Informing the president about the situation in the country and abroad.
Coordination and control of the execution of legislative orders of the President of the Republic of Kazakhstan.
Assessment of the effectiveness of the central executive bodies, akims of regions, cities of republican significance and the capital and development of recommendations for improving their activities.
Implementation of other tasks and works determined by the President.

Heads of the Presidential Administration
 Nurtai Abykayev (1990–1995)
 Saginbek Tursunov (1995–1996)
 Akhmetzhan Yesimov (1996)
 Oralbay Abdykarimov (1996–1997)
 Sarybai Kalmurzaev (1997–1998)
 Vladimir Shepel (1998)
 Akhmetzhan Yesimov (1998)
 Alikhan Baimenov (1998–1999)
 Sarybai Kalmurzaev (1999–2002)
 Nurtai Abykayev (January 29, 2002 – March 10, 2004)
 Imangali Tasmagambetov (March 10 – December 9, 2004)

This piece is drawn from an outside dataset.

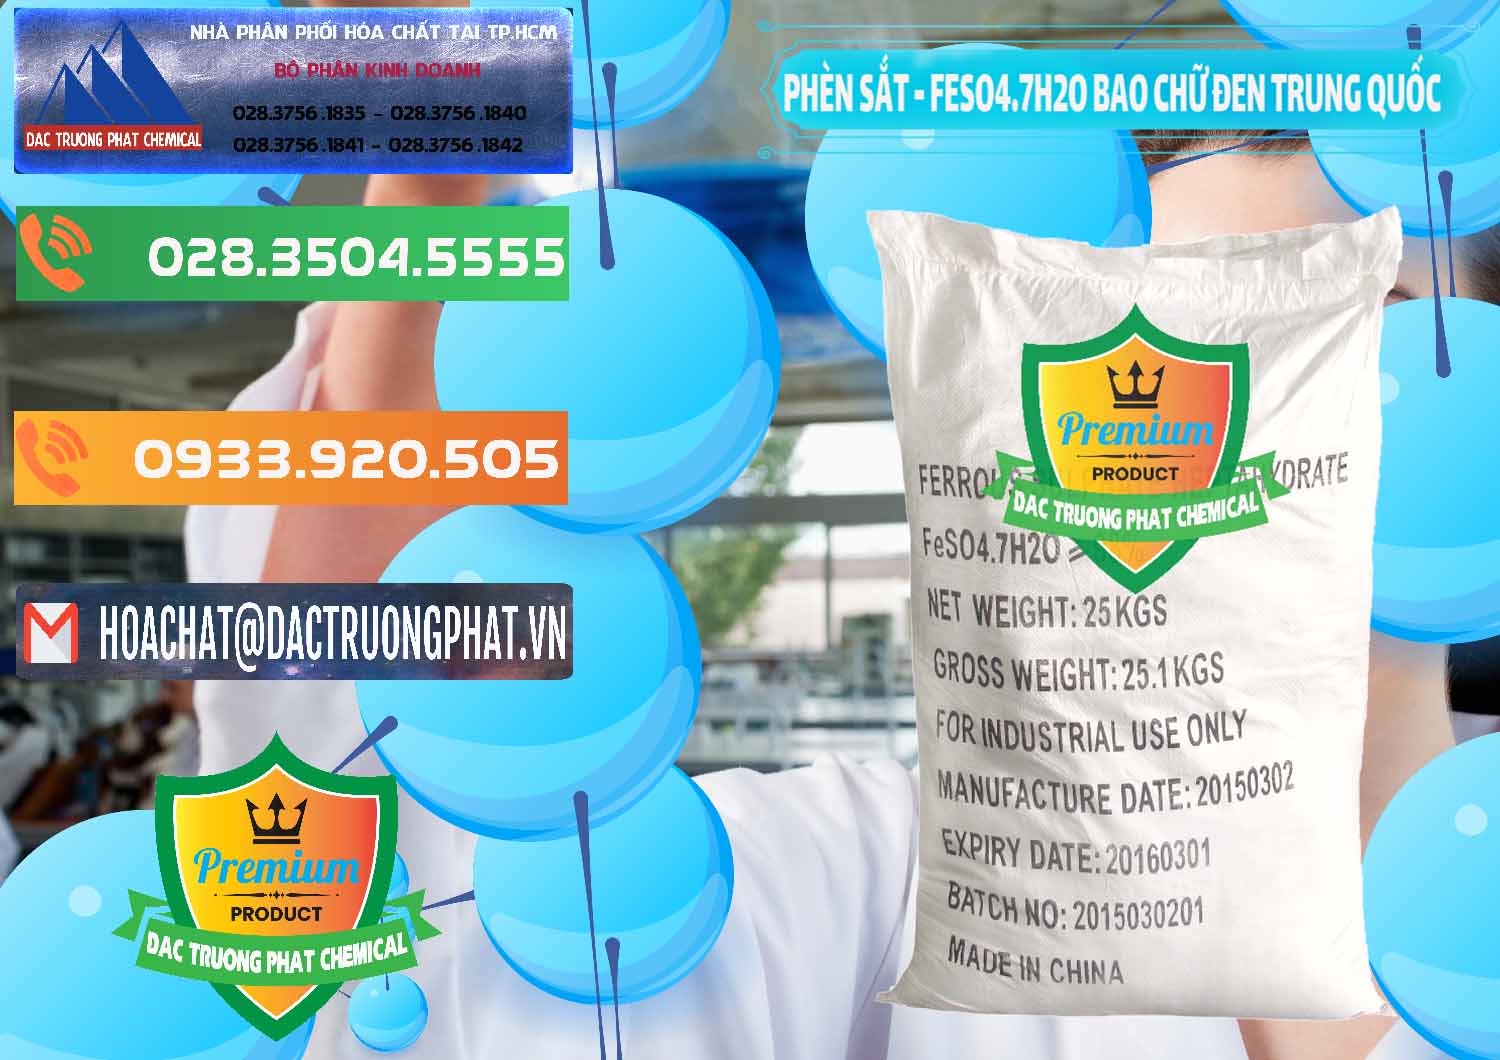 Bán _ cung cấp Phèn Sắt - FeSO4.7H2O Bao Chữ Đen Trung Quốc China - 0234 - Công ty phân phối ( cung cấp ) hóa chất tại TP.HCM - hoachatxulynuoc.com.vn

 Adilbek Dzhaksybekov (December 19, 2004 – January 23, 2008)
 Kairat Kelimbetov (January 23 – October 13, 2008)
 Aslan Musin (October 13, 2008 – September 21, 2012)
 Karim Massimov (September 24, 2012 – April 3, 2014)
 Nurlan Nigmatulin (April 3, 2014 – June 21, 2016)
 Adilbek Dzhaksybekov (June 21, 2016 – September 10, 2018)
 Asset Issekeshev (September 10, 2018 –  March 24, 2019)
 Bakhytzhan Sagintayev (March 24, 2019 – June 28, 2019)
 Krymbek Kusherbayev (June 28, 2019 – September 18, 2019)
 Erlan Qoşanov (September 18, 2019 – 1 February 2022)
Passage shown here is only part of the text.